# Staining Brazillian Cherry?



## InterCounty (Apr 27, 2010)

Anyone ever do it?

Seems ridiculous to me, but have a new install and the customer *really* wants to make it darker then it would be natural. 

Wondering if it would be as potentially difficult/annoying as staining a maple floor dark. (...bands, picture framing, visible screen swirls?)
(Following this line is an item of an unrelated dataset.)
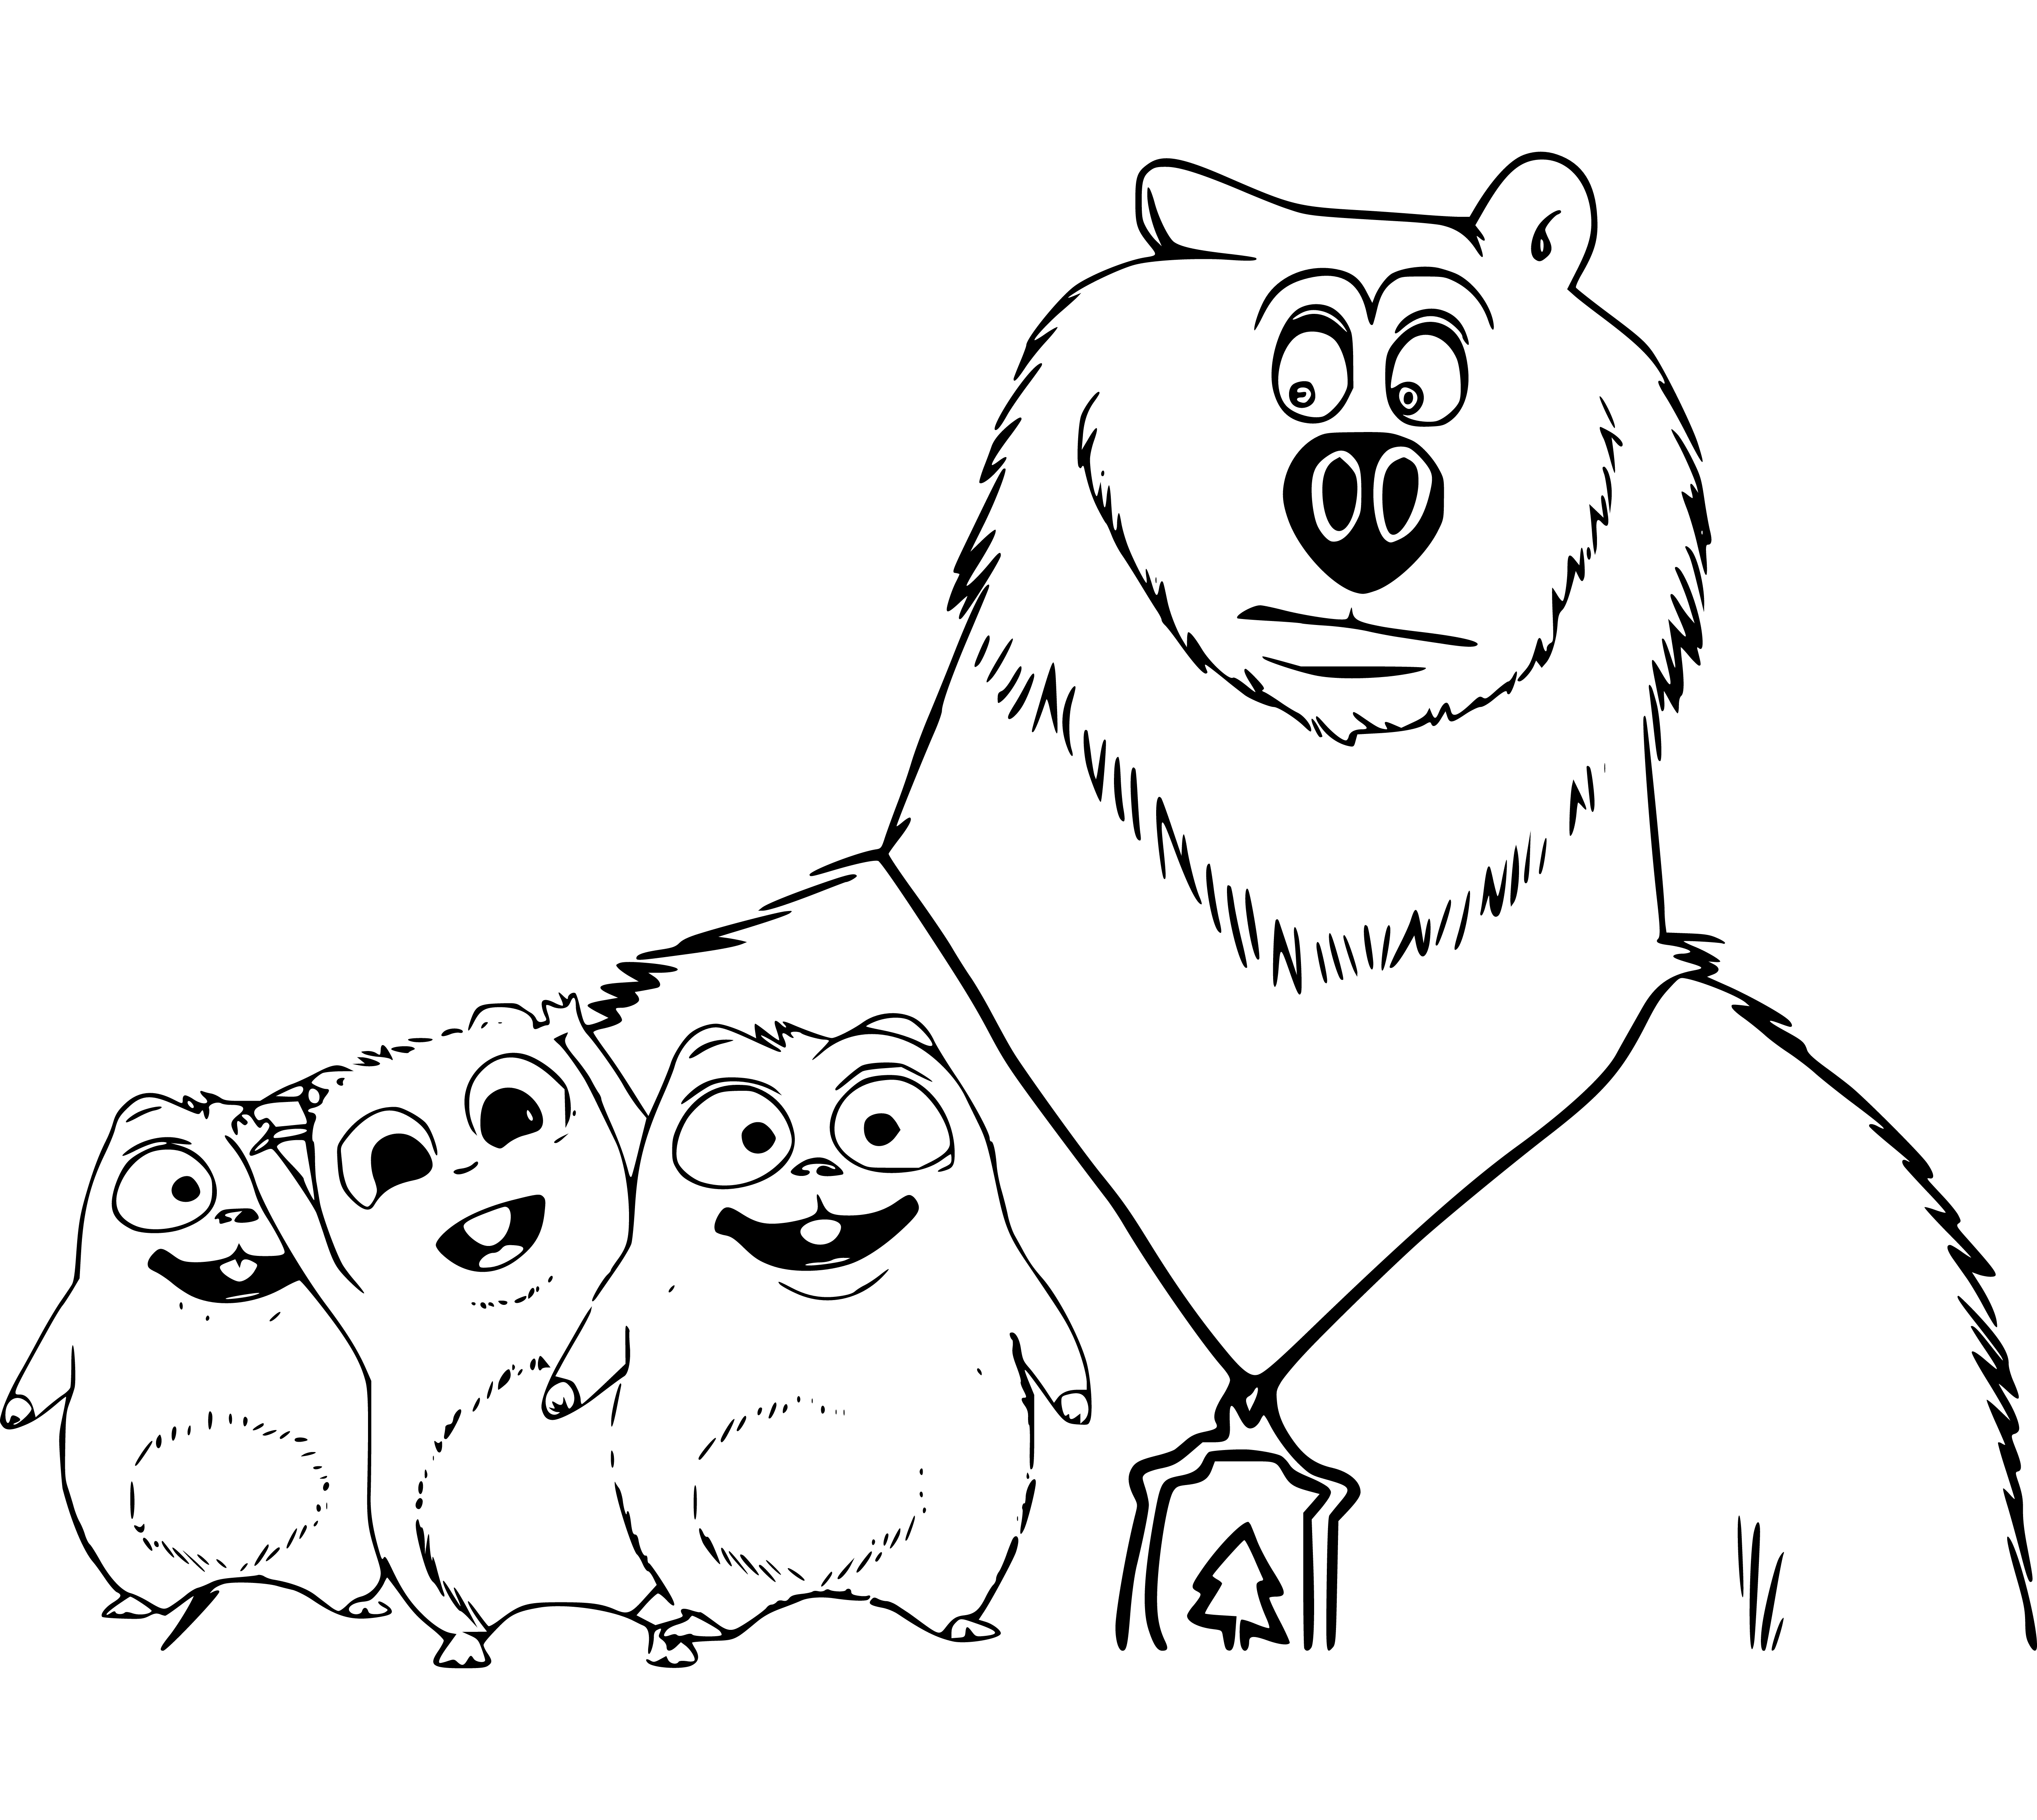 Grizzy and the Lemmings Coloring Page 4 Kids to Print - SheetalColor.com

Before I tell them NO, just seeking some opinions.


----------



## pinwheel (Dec 7, 2009)

You have schooled them on the fact that BC will get considerably darker with time, haven't you? Pull a piece of the wood from the carton & lay a piece of cardboard over half of it & leave the other half exposed to the sun for a few days. You'll see 2-4 shades darker in that short period of time.


----------



## RhodesHardwood (Jun 28, 2010)

I have not done it, but have had clients that also have suggested it. I have always managed to talk them out of it. I do know it would be way harder to stain then maple. Stained maple would be easy compared to staining brazilian cherry, as it is much harder. I do know that a lot of guys would dye rather than stain on woods like this.


----------



## stp57 (Dec 12, 2007)

http://www.woodcraft.com/Search2/Se...ode=06INGOOG&gclid=CNTmg--kj7ECFYVOTAod7UvNLg

This stuff is amazing. It is alcohol based & is really a dye more than it is a stain. Unfortunately, the color can't be lightened once you put it on (only darkened). Perfect for sunny area because it won't fade. I re-stain entry doors with it all of the time.
Steve


----------



## RhodesHardwood (Jun 28, 2010)

stp57 said:


> http://www.woodcraft.com/Search2/Se...ode=06INGOOG&gclid=CNTmg--kj7ECFYVOTAod7UvNLg
> 
> This stuff is amazing. It is alcohol based & is really a dye more than it is a stain. Unfortunately, the color can't be lightened once you put it on (only darkened). Perfect for sunny area because it won't fade. I re-stain entry doors with it all of the time.
> Steve


Thank for sharing. I actually have a woodcraft right down the street from me.


----------



## Kent Whitten (Mar 24, 2006)

A shader would work. Do you have spray equipment?


----------



## edson group inc (Feb 3, 2010)

I have staine BC with Dura Seal Royal Mahogany. We finished with a soft plate 80 grit, then water pop, dry and then stained. I had to test which grit of paper to end with and based on what our client wanted 80 grit did the trick.


----------